В начале царствования императрица Екатерина пыталась сформулировать передовые по тем временам принципы и понятия о политическом преступлении, что отражено в ее знаменитом Наказе. Екатерина считала, что к виду тяжких преступлений нужно отнести только посягательства на жизнь и здоровье государя, а также измену государству. Оскорблением же Величества предполагалось считать только конкретные действия, на это направленные, или слова, которые «приготовляют или соединяются, или последуют действию». При этом государыня считала, что наказывать надо не за слово, а за преступное действие. Более того, Екатерина утверждала, что «письма» (сочинения. — Е.А.) «суть вещи не так скоро преходящие как слова, но когда они не приуготовляют к преступлению оскорбления величества, то они не могут быть вещью, содержащею в себе преступление в оскорблении величества». Если и признавать сказанное слово и «письма» за преступление, то наказание все равно должно быть «гораздо легче» наказания за преступное действие. Передовые по тем временам взгляды императрицы не были поняты ее подданными, и в ответ на вежливые возражения Синода она согласилась с теми, кто считал оскорбляющие Величество «слова» и «письма» все-таки строго наказуемым преступным деянием (426, 469–470).

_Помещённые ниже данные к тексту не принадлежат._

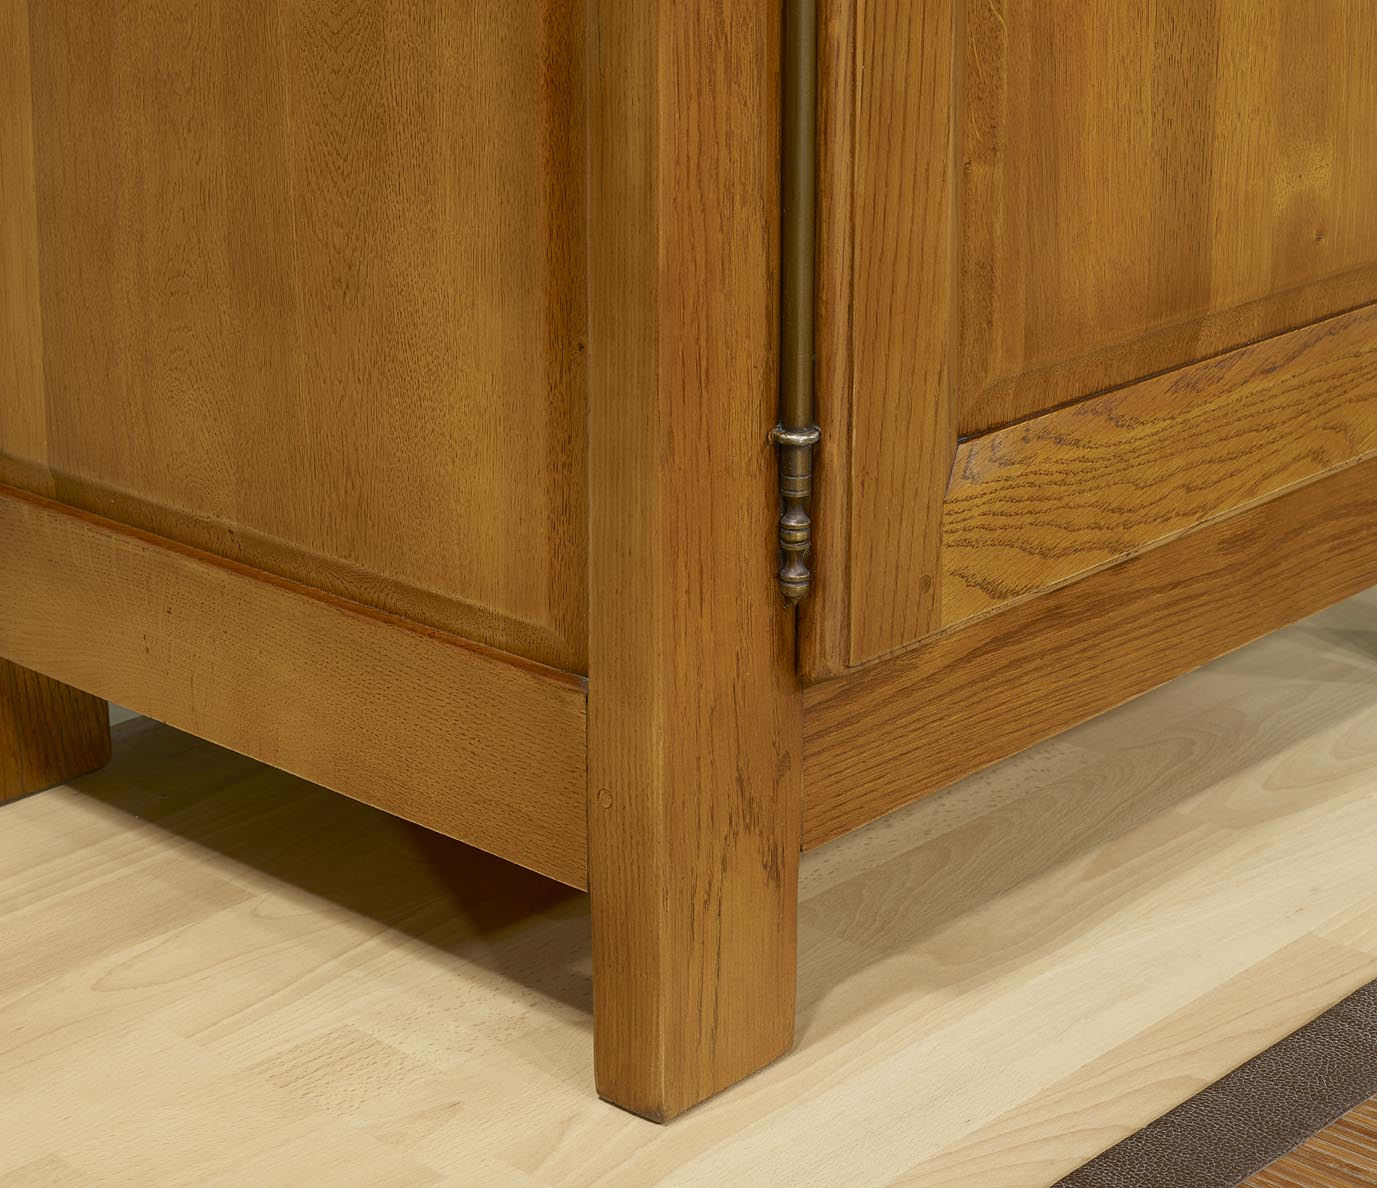 Mueble 1 puerta 1 caj n hecho de roble macizo estilo for Puerta de roble macizo castorama

И хотя Екатерина II и отказывалась включать в список обвинений государственных преступников норму об оскорблении Величества (так было в деле Пугачева), виновные в этом все-таки при ней преследовались. Их, может быть, без лишнего шума (как это было раньше) отправляли в Сибирь, на Соловки, в монастыри, в деревню, заставляли разными способами замолчать. Среди этих людей были все, кто в трезвом и пьяном, здравом и больном уме, с досады или из хвастовства говорили плохо о государыне и ее интимной жизни, кто распинался (без всяких оснований) о своем родстве с династией, кто обещал в пьяном угаре при случае убить императрицу (135; 633-10, 441).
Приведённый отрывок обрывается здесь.